* Try it: Only the lines from the one with "model wearing a" through the last line of the material below belong in the answer, copied exactly and without pictures.

* Dataset content:
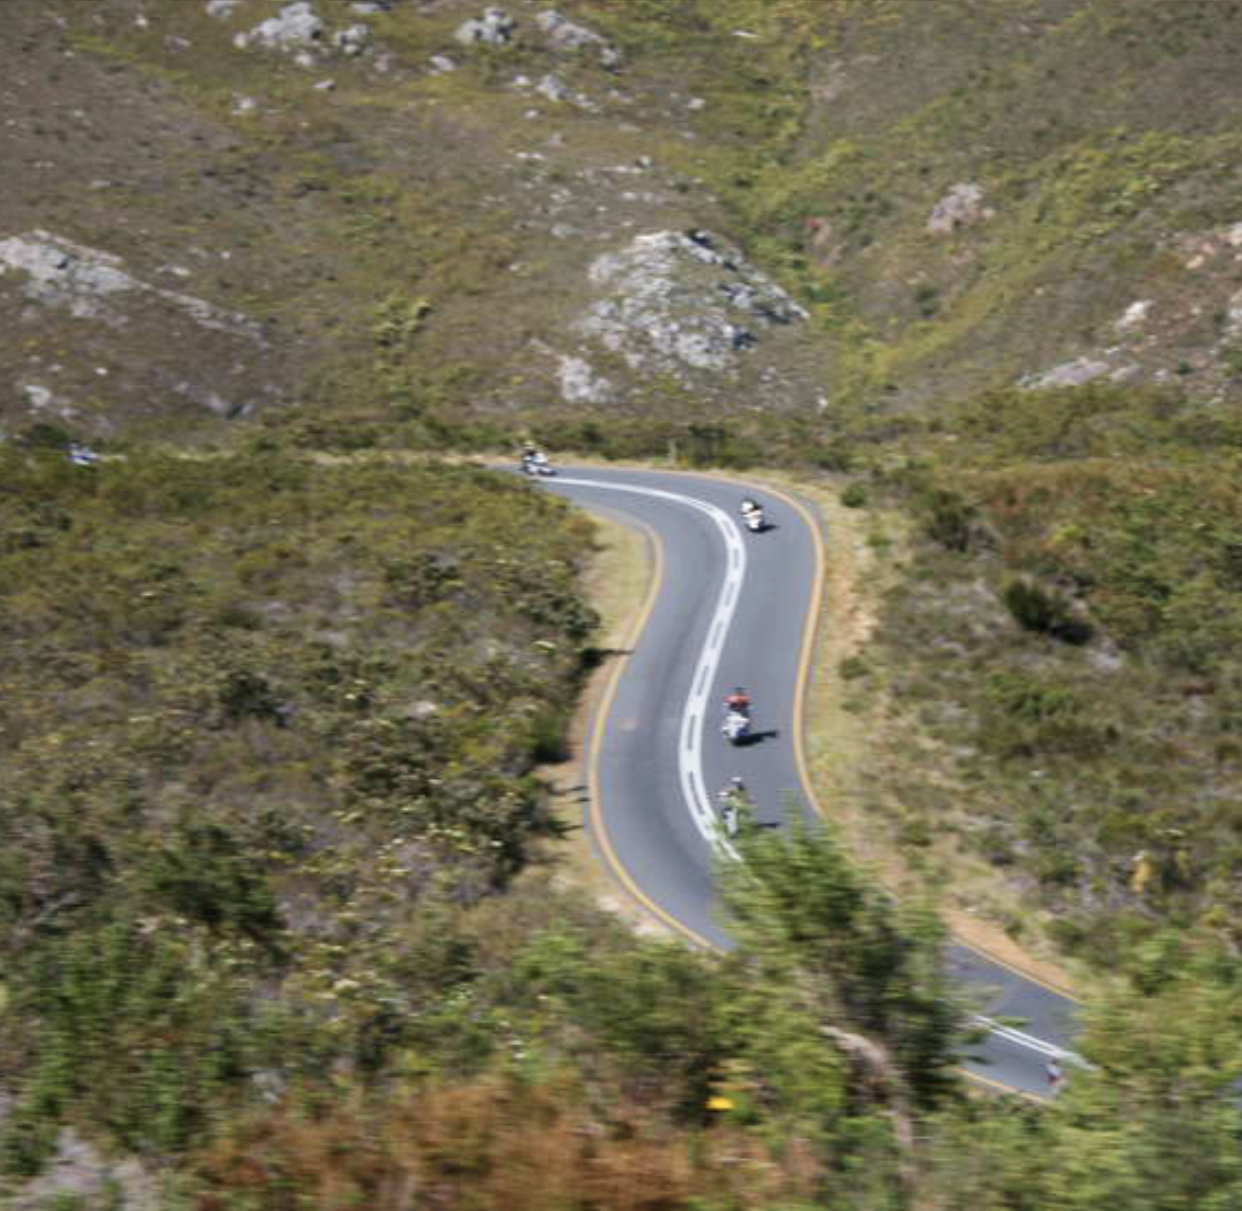 South Africa trip motorcycles
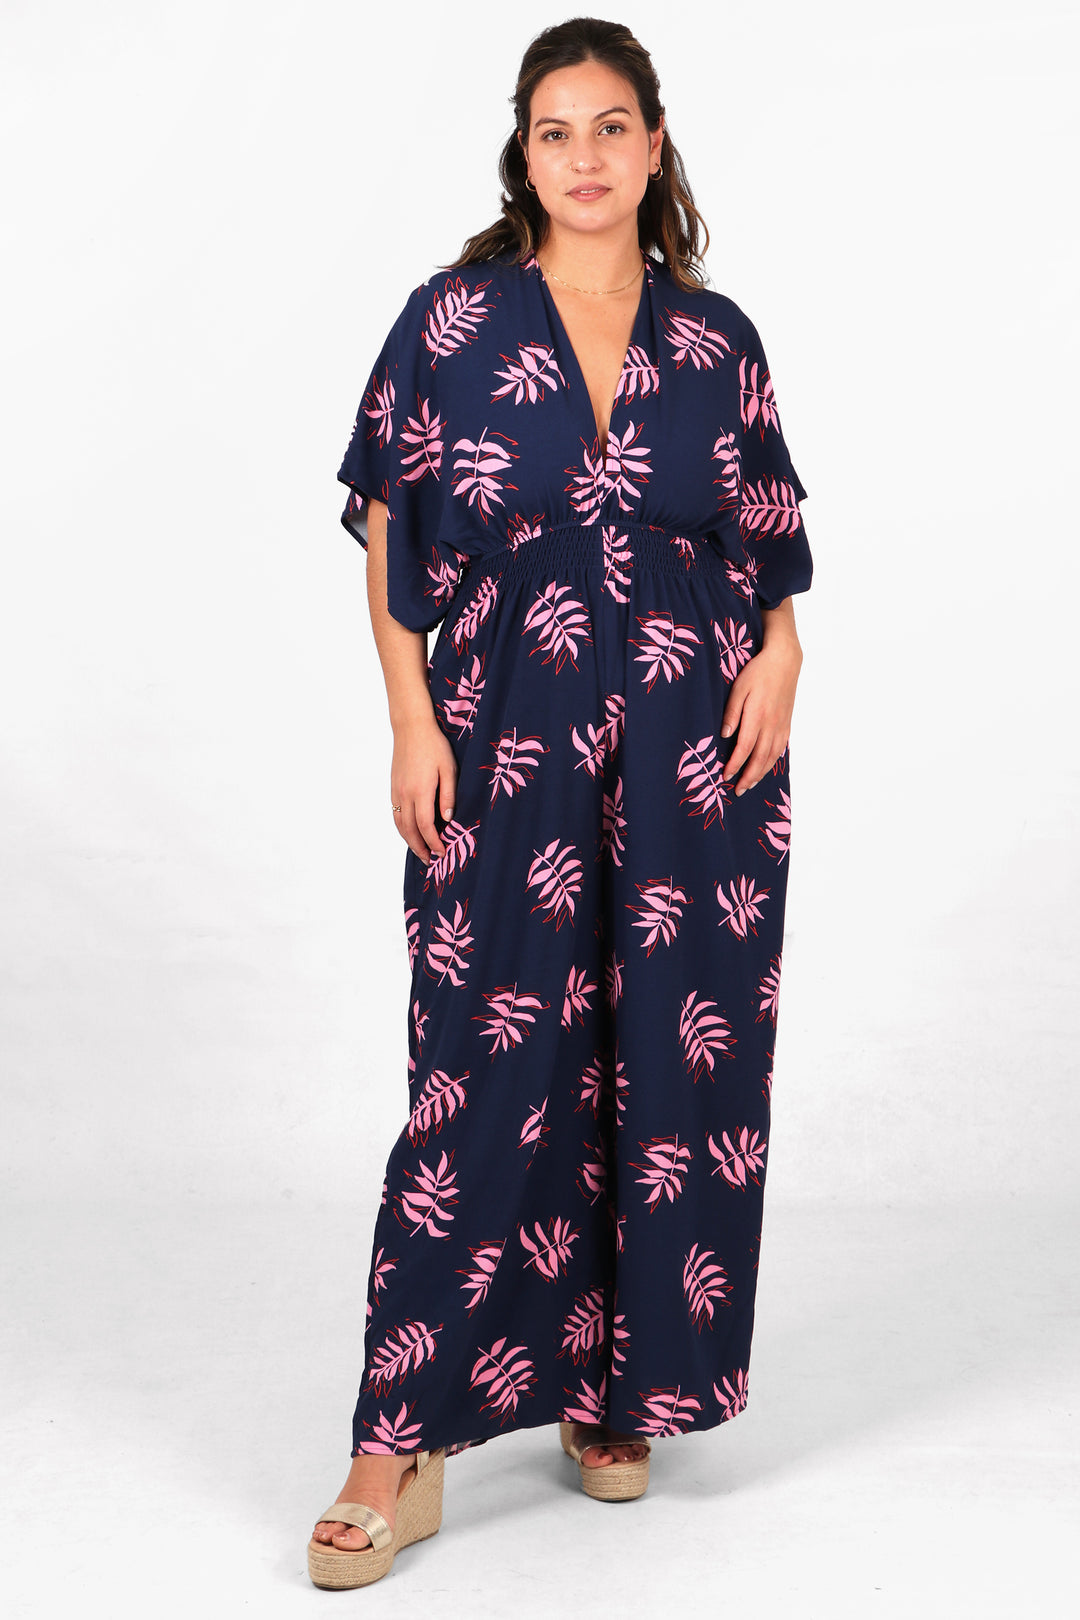 model wearing a navy blue jumpsuit with an all over pattern of pink palm leaves. the jumpsuit has a deep v neck, elbow length angel sleeves and a shirred waist
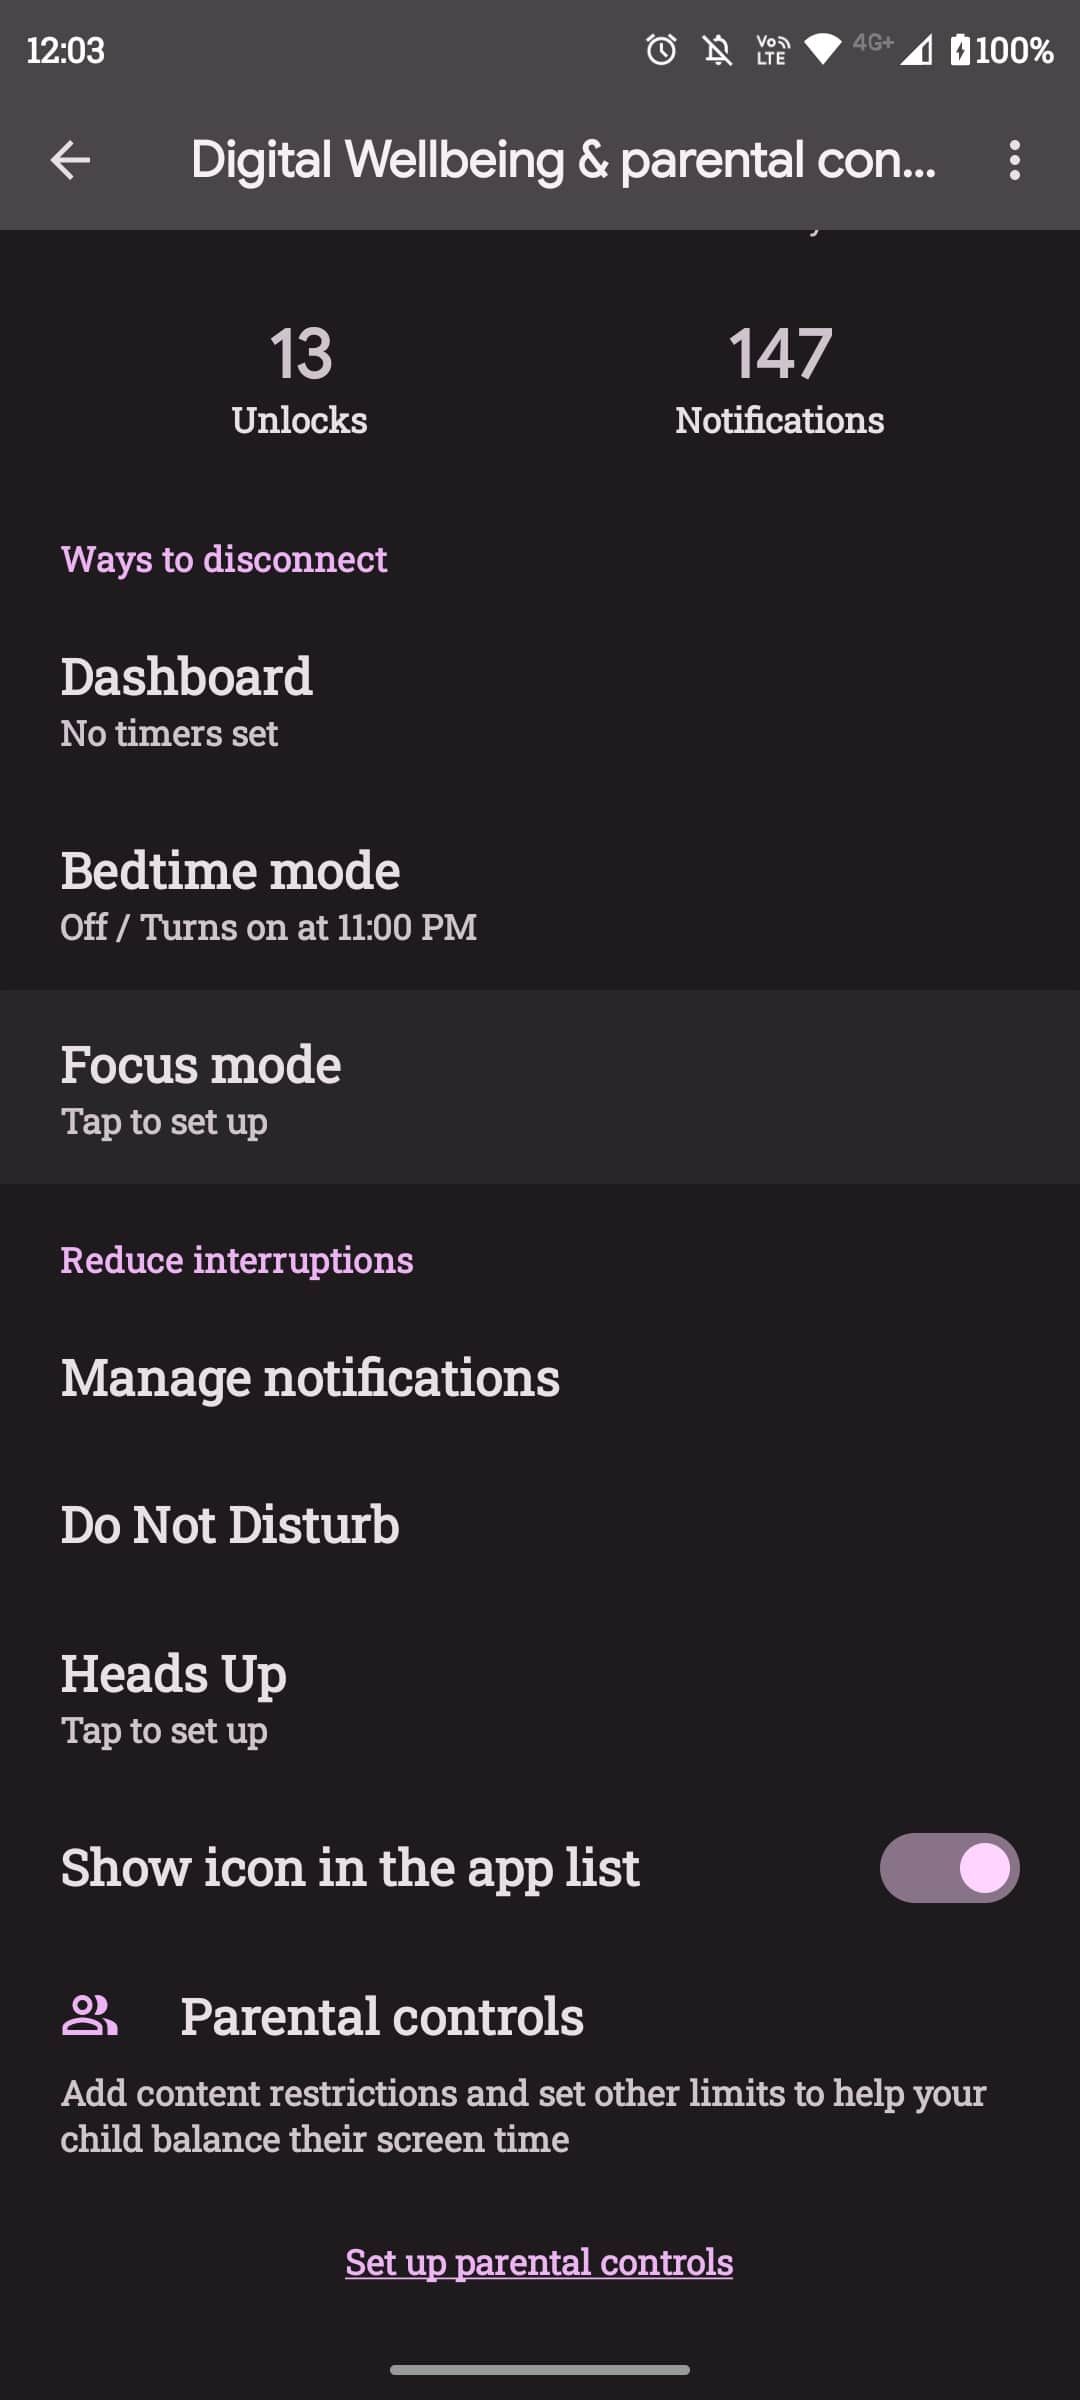 Digital Wellbeing app settings and options

* Solution to this task:
 model wearing a navy blue jumpsuit with an all over pattern of pink palm leaves. the jumpsuit has a deep v neck, elbow length angel sleeves and a shirred waist
 Digital Wellbeing app settings and options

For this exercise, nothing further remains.